Es en esa sociedad y en ese contexto de amplias restricciones para las mujeres que Ada María Elflein las llama a salir de sus casas, a apropiarse con los sentidos de un territorio que no era menos de ellas que de los varones, a conocer la historia y la actualidad de su país. Fue a partir de 1913 que Elflein comenzó a viajar por Argentina como reportera de La prensa, registrando su recorrido en las páginas del periódico. Viajaba siempre junto a Mary Kenny, con quien vivió tras la muerte de sus padres, y, en ocasiones, con otro grupo de mujeres.
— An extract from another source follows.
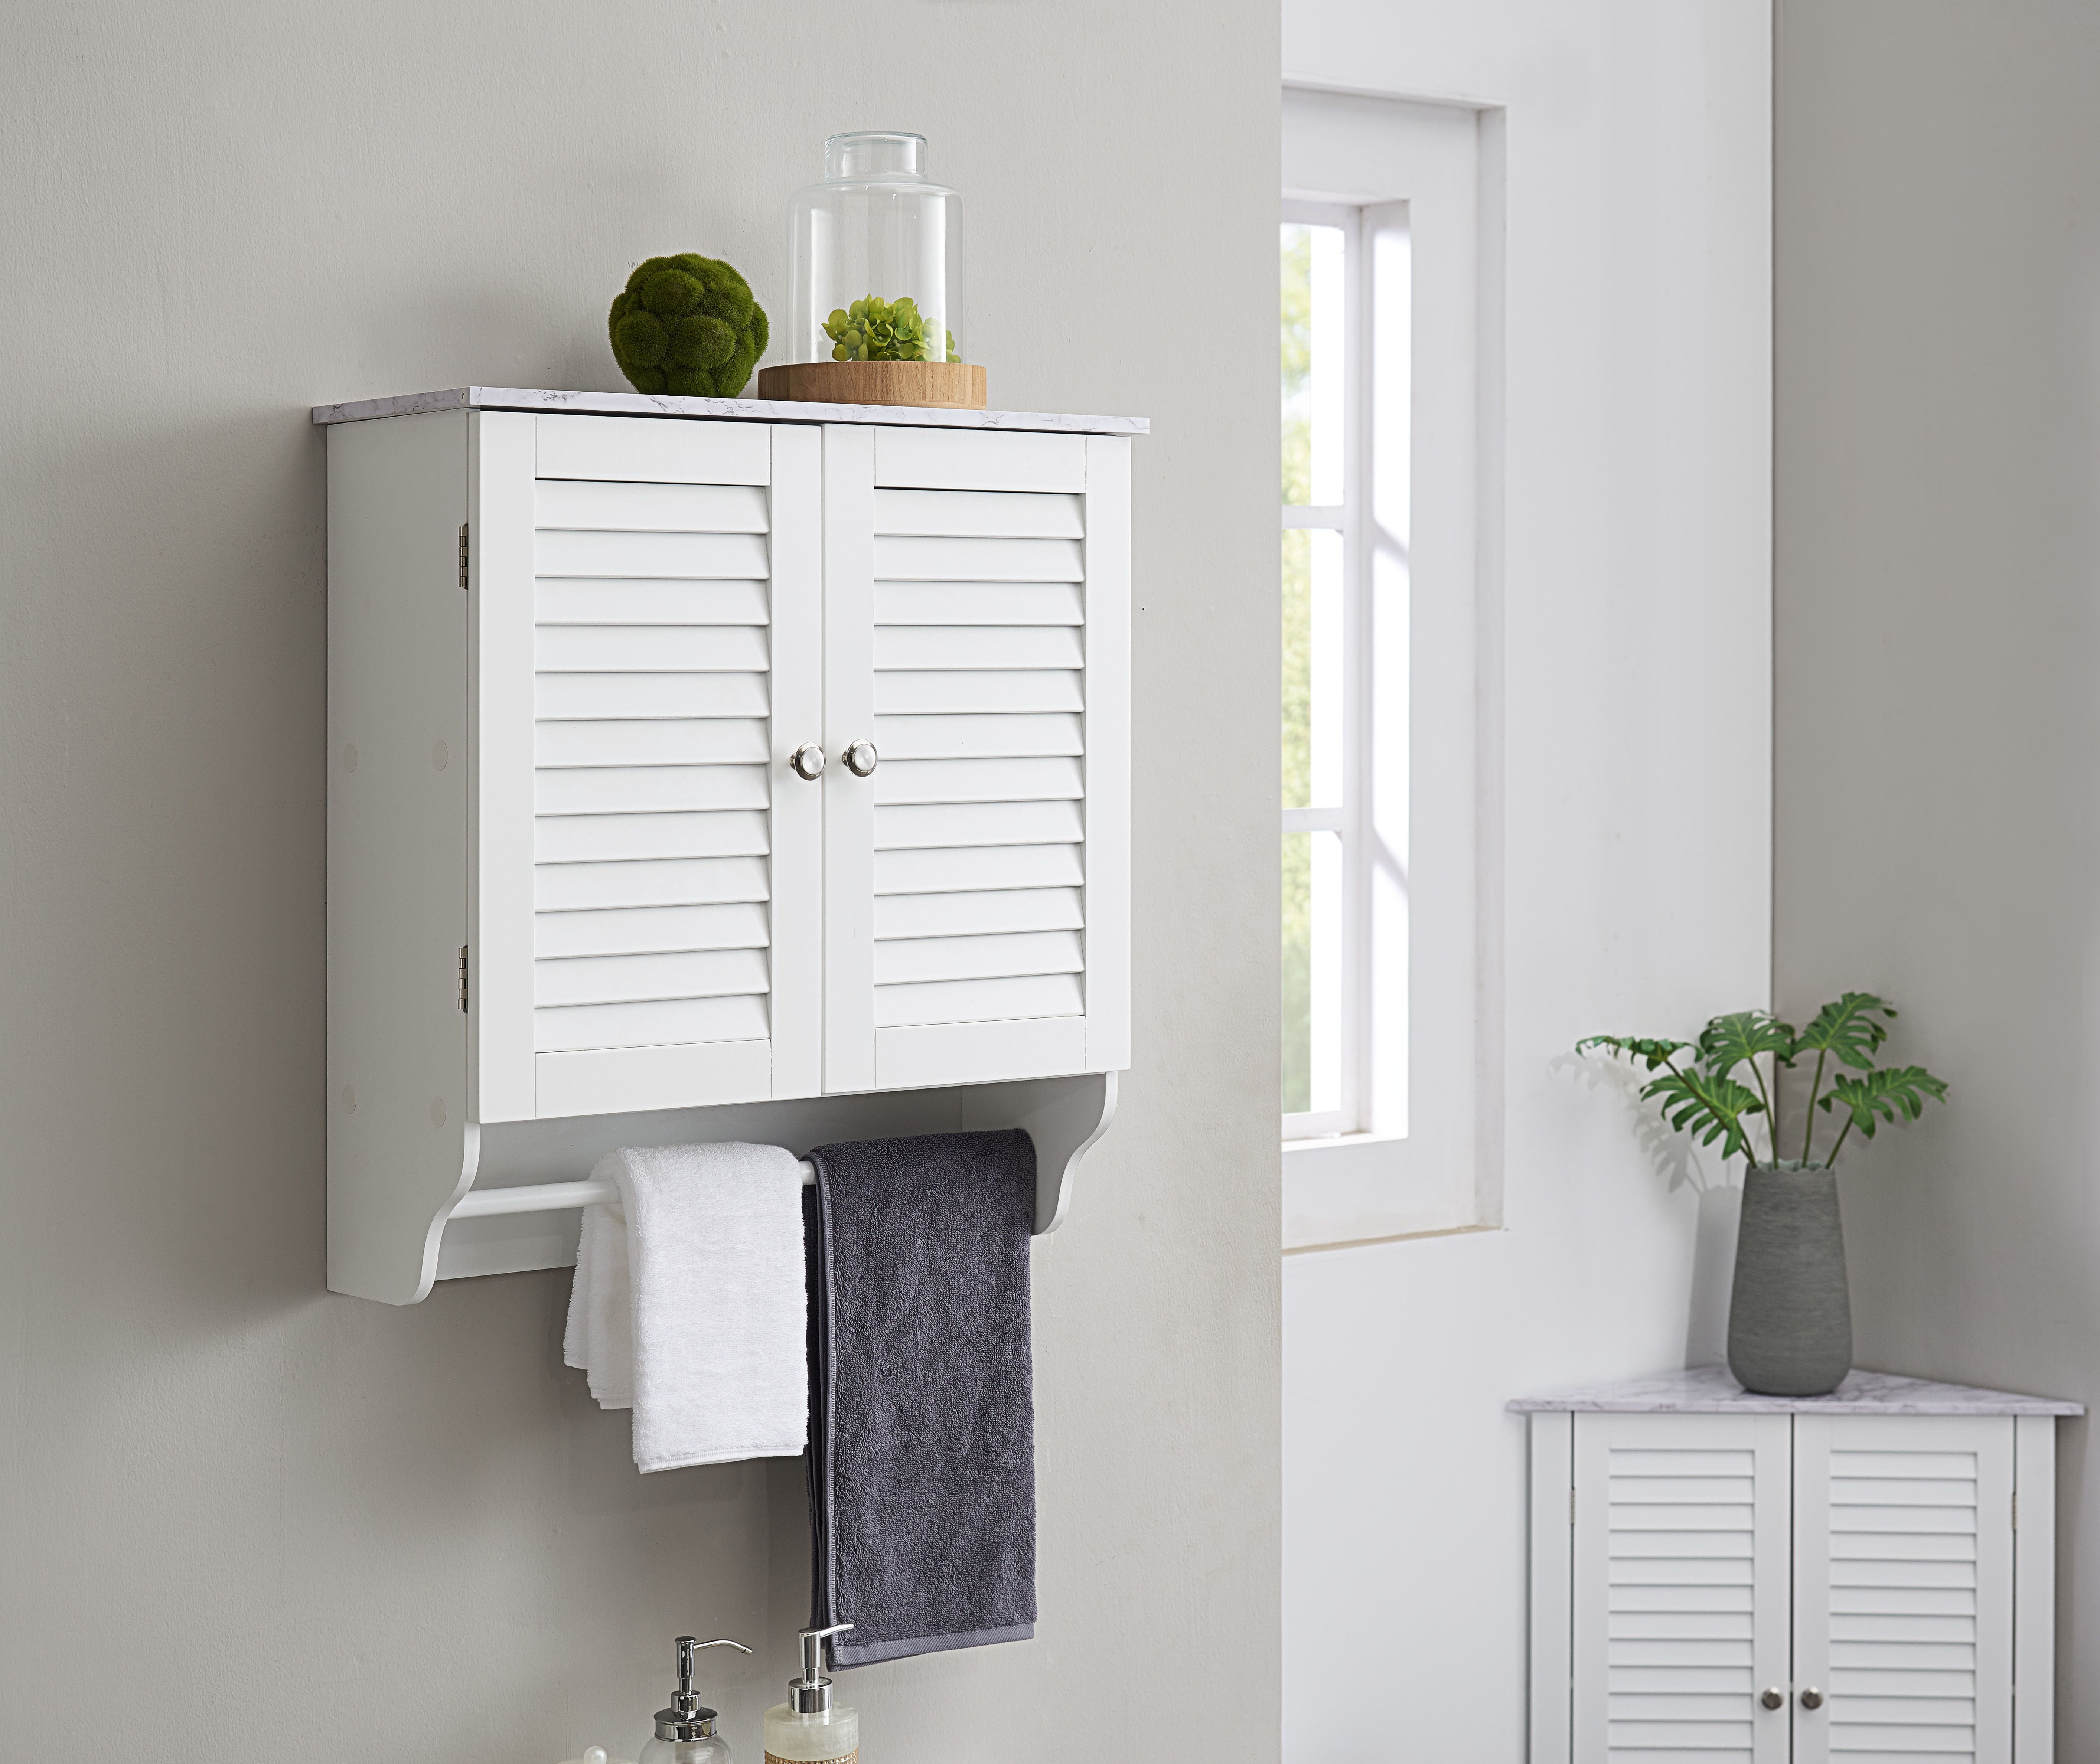 Trevita Wall Mounted Bathroom Storage Cabinet With Towel Rack White Marble Wood Com - White Wall Mounted Bathroom Cabinet With Towel Bar

Para entonces, a la búsqueda identitaria de la nacionalidad que su condición como hija de inmigrantes le imponía se sumaba una necesidad crítica de cuestionar el lugar de las mujeres en la sociedad. Así, en las palabras preliminares de su primera recopilación de relatos de viajes por las regiones andinas del sur, en 1917, señala:
Y, éramos tres mujeres, indefensas según el decir de las gentes; pero defendidas por la cultura argentina que en los más remotos rincones de nuestro territorio muéstrase ante propios y extraños. Las autoridades nos rodearon de consideraciones y respetos, y nos guiaron por medio de hombres experimentados y seguros; los pobladores nos acogieron y escoltaron con cariño; mas nada vimos nosotras, en la larga extensión recorrida, tanto en el territorio argentino cuanto en el chileno, que nos hiciera sospechar un peligro.Creemos, y ésta es una impresión íntima, que a haber sido experimentadas como lo eran nuestros guías, habríamos podido recorrer las tres, sin tropiezos, bosques, lagos y montañas, tal es la tranquilidad que se siente en aquel ambiente, donde alguna vez el alma argentina ha de retemplarse con visiones de belleza.7
Para Elflein, la dicotomía entre la urbe y el campo no siempre es la misma que la establecida entre civilización y barbarie, al menos no en cuanto al peligro que la última supone. Si bien señala la falta de desarrollo económico y apunta en numerosas ocasiones hacia el beneficio que obtendrían los poblados que visita si la industria y los transportes llegaran hasta allá, no por ello presenta la falta de tales recursos como un peligro. A tal punto contradice aquella suposición, que hace explícitas las condiciones de tranquilidad y amabilidad que primaron durante su viaje, y aprovecha para incluir también el otro asunto que la atraviesa: el del lugar de las mujeres —no sin disfrazar de irrelevante, en tanto íntima, su sugerencia.